- Information provided -
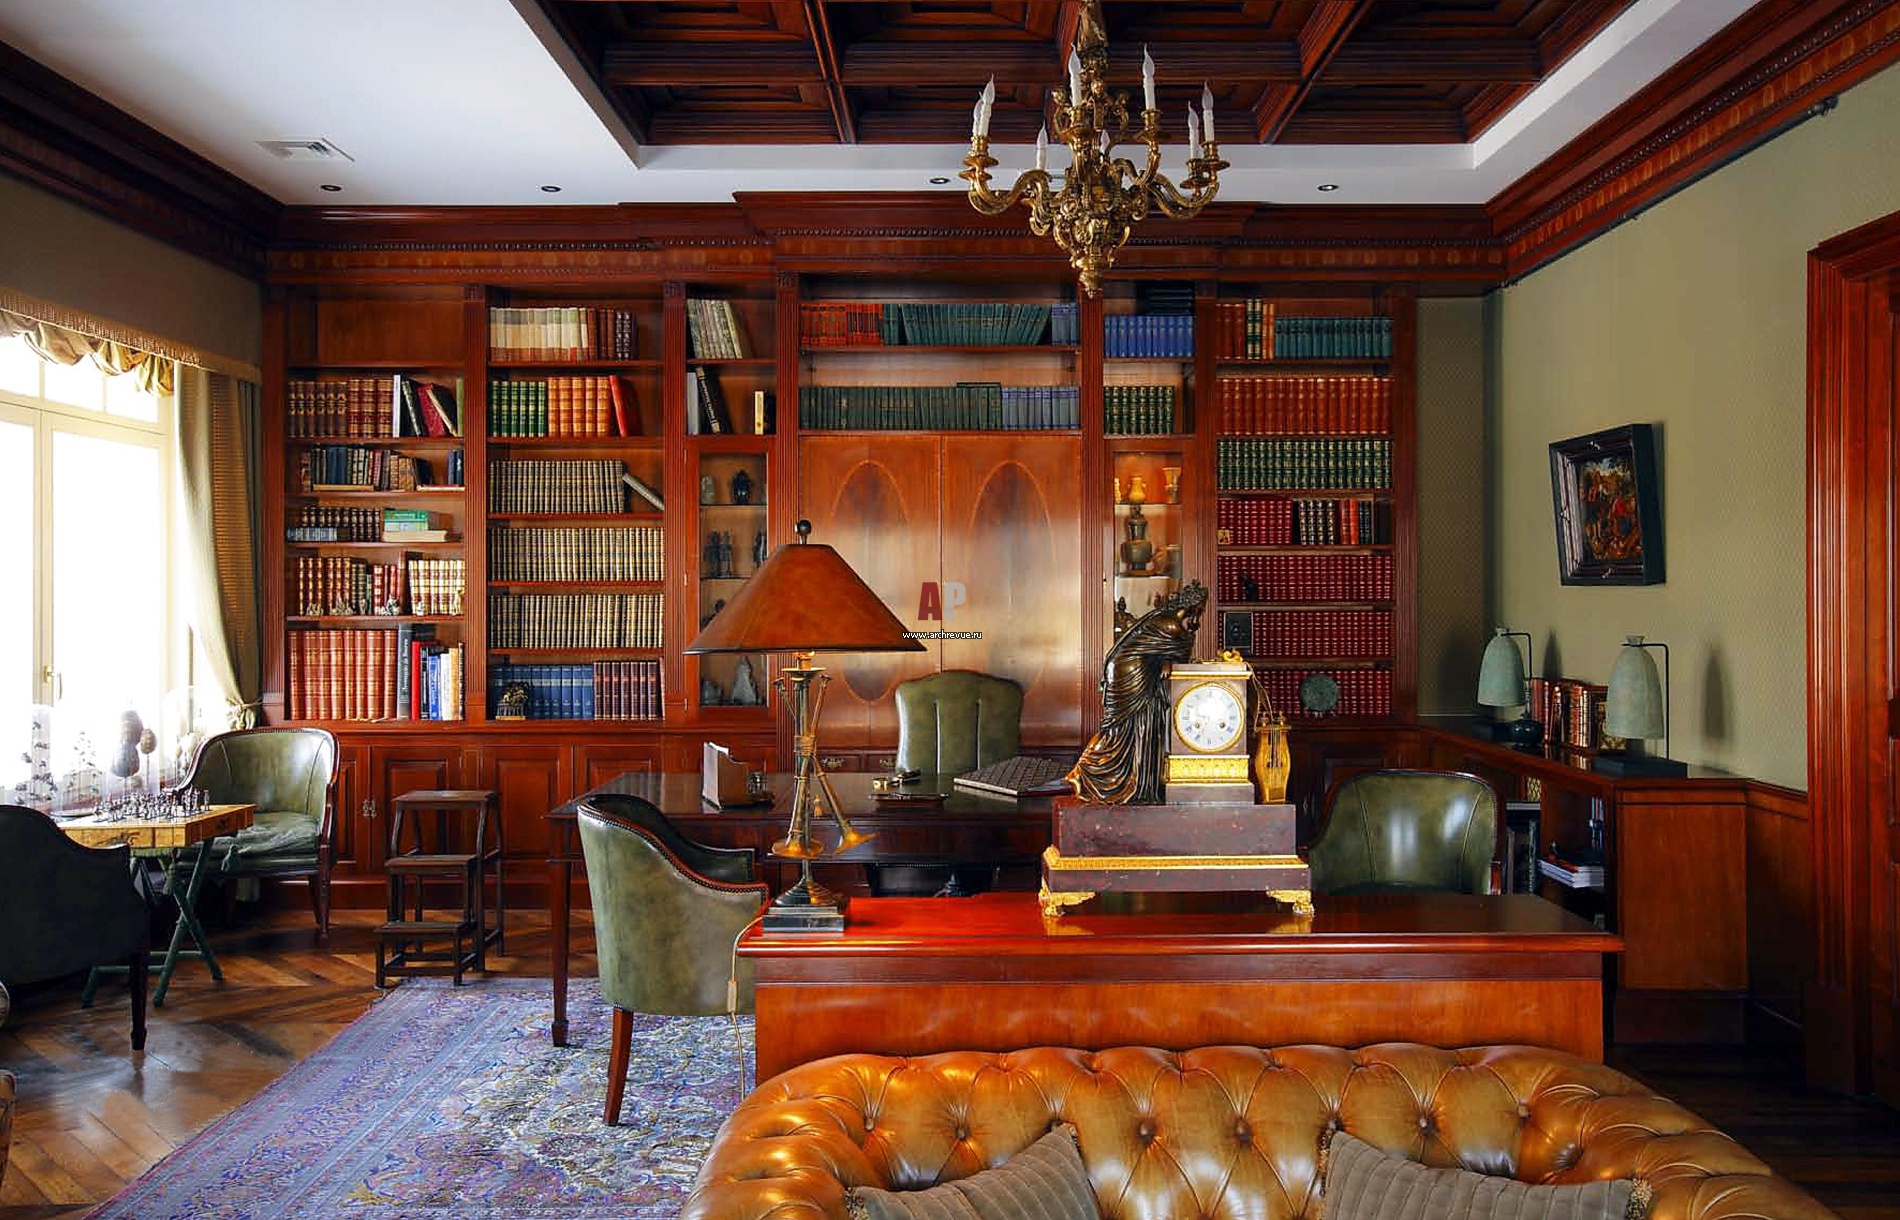 Кабинет 18 века. Библиотека дворянской усадьбы 19 века. Английский стиль в интерьере. Кабинет в старинном стиле. Интерьер старинного кабинета.
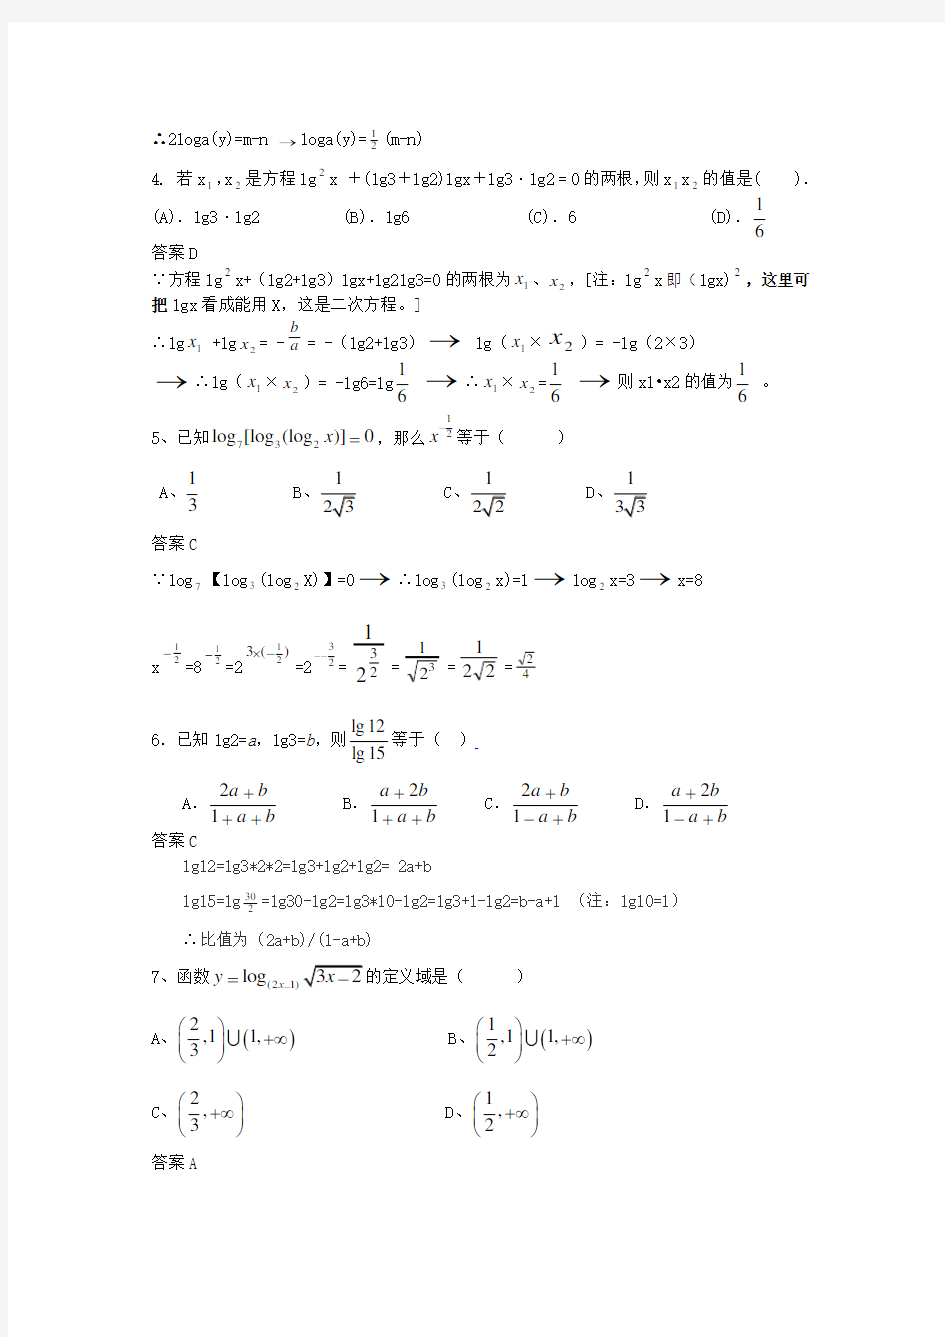 (完整)高一数学对数函数经典题及详细答案
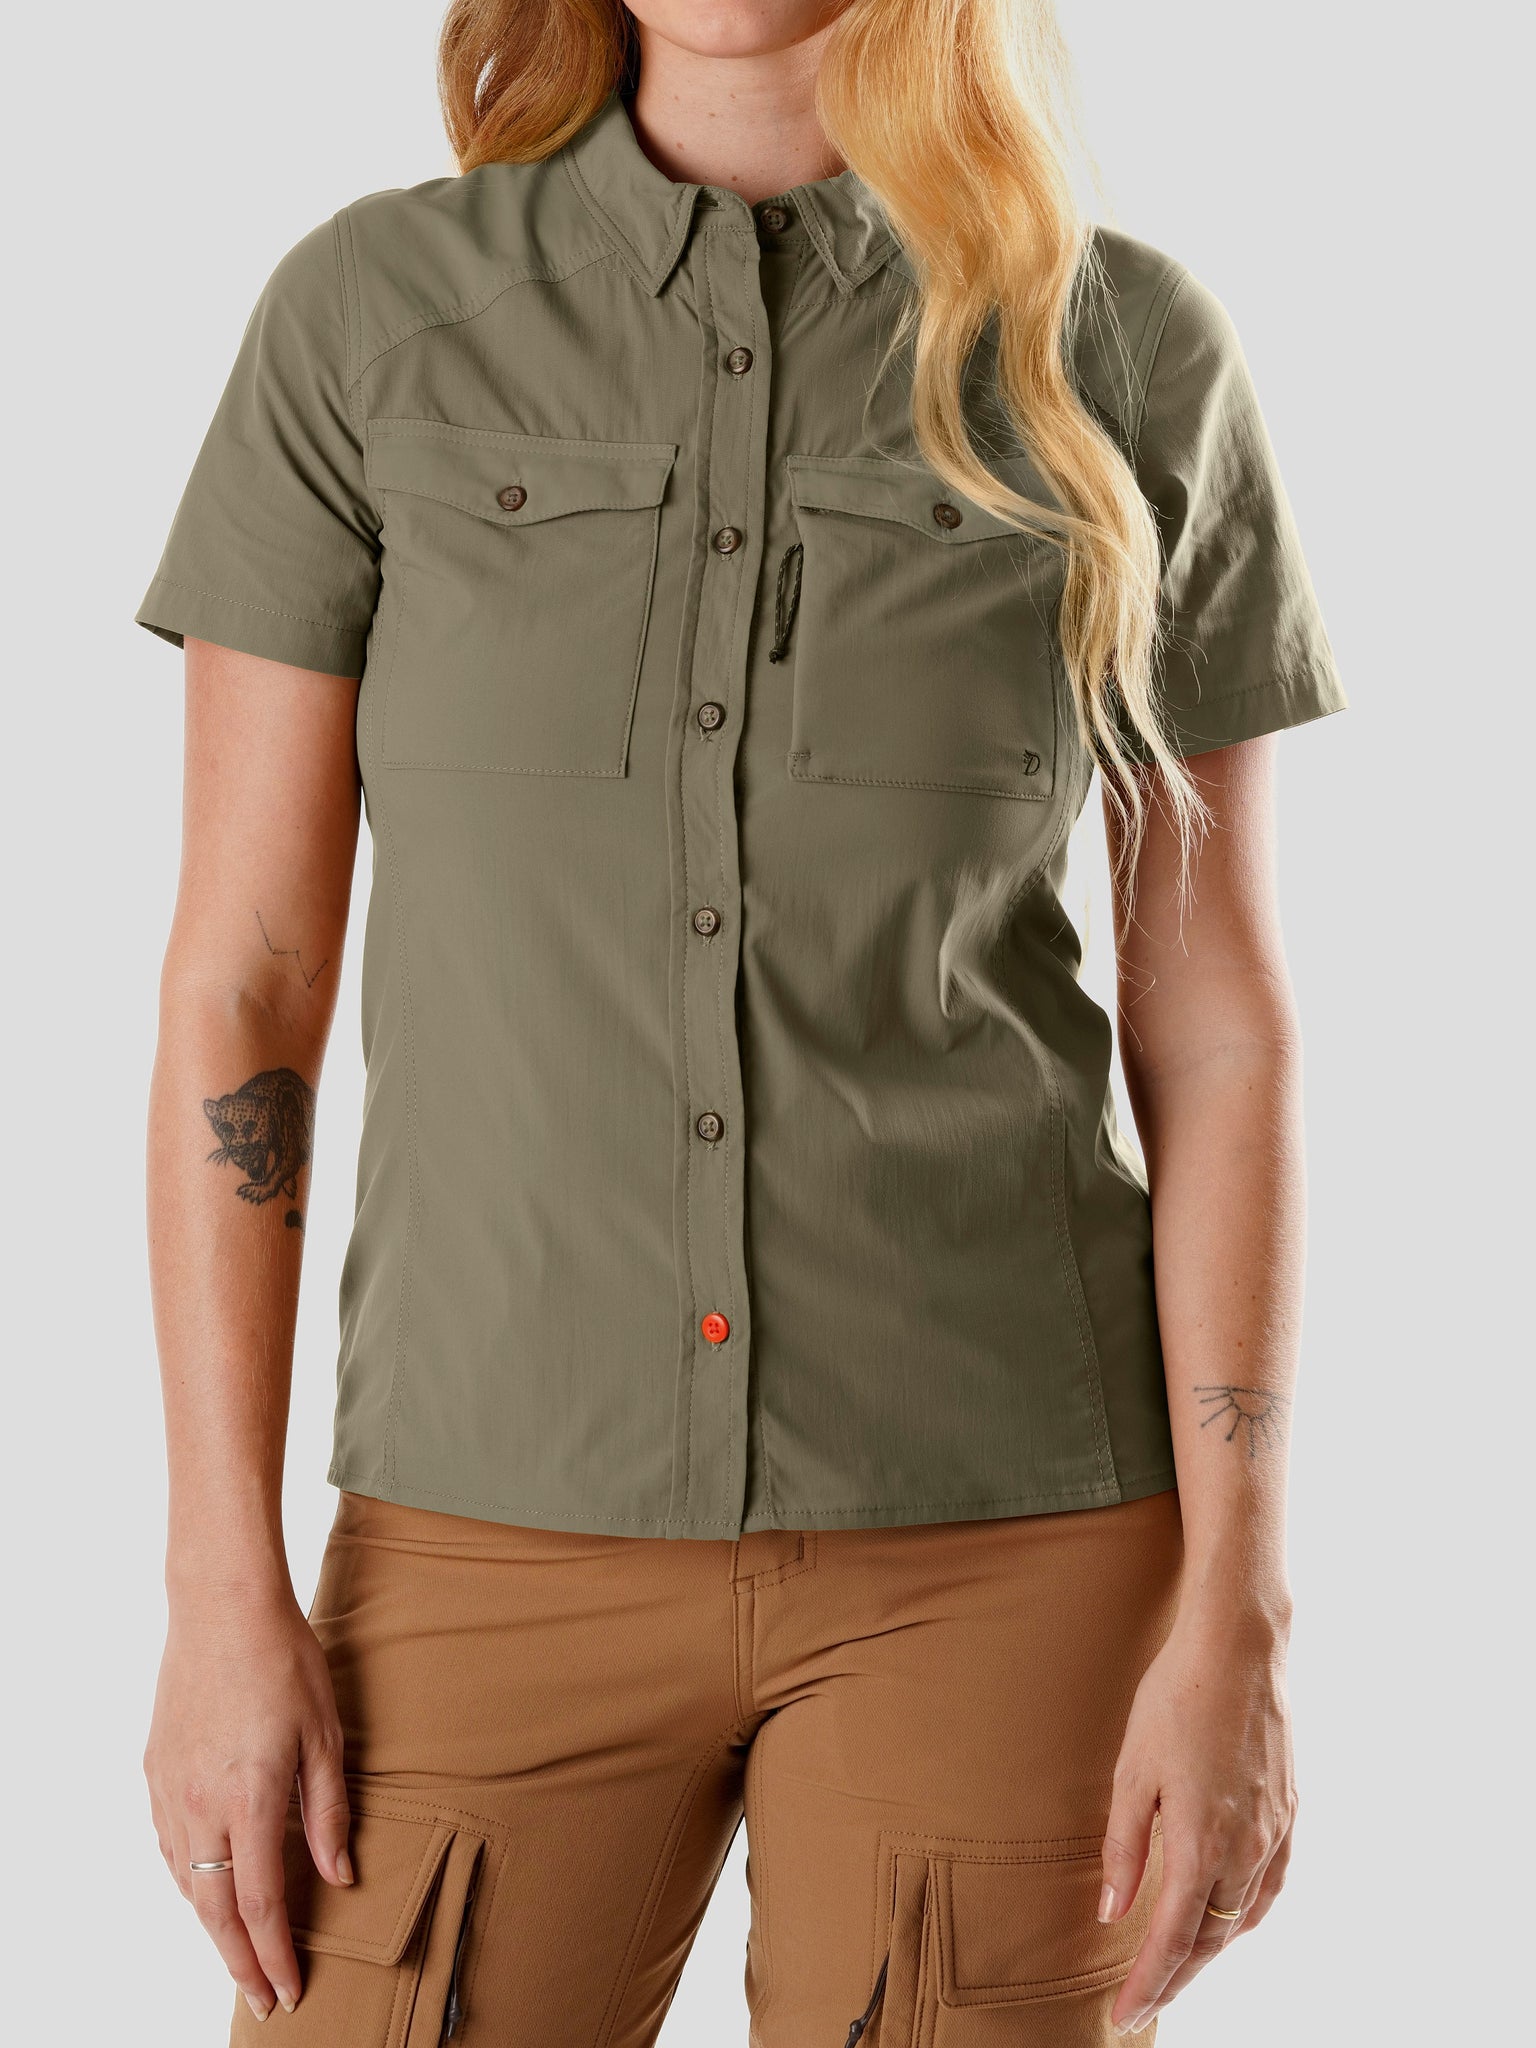 Women's Hunting Shirt Short Sleeve - Sagebrush

- Your objective -
Word for word and without any pictures, return all of the lines above.

- Written response -
 Кабинет 18 века. Библиотека дворянской усадьбы 19 века. Английский стиль в интерьере. Кабинет в старинном стиле. Интерьер старинного кабинета.
 (完整)高一数学对数函数经典题及详细答案
 Women's Hunting Shirt Short Sleeve - Sagebrush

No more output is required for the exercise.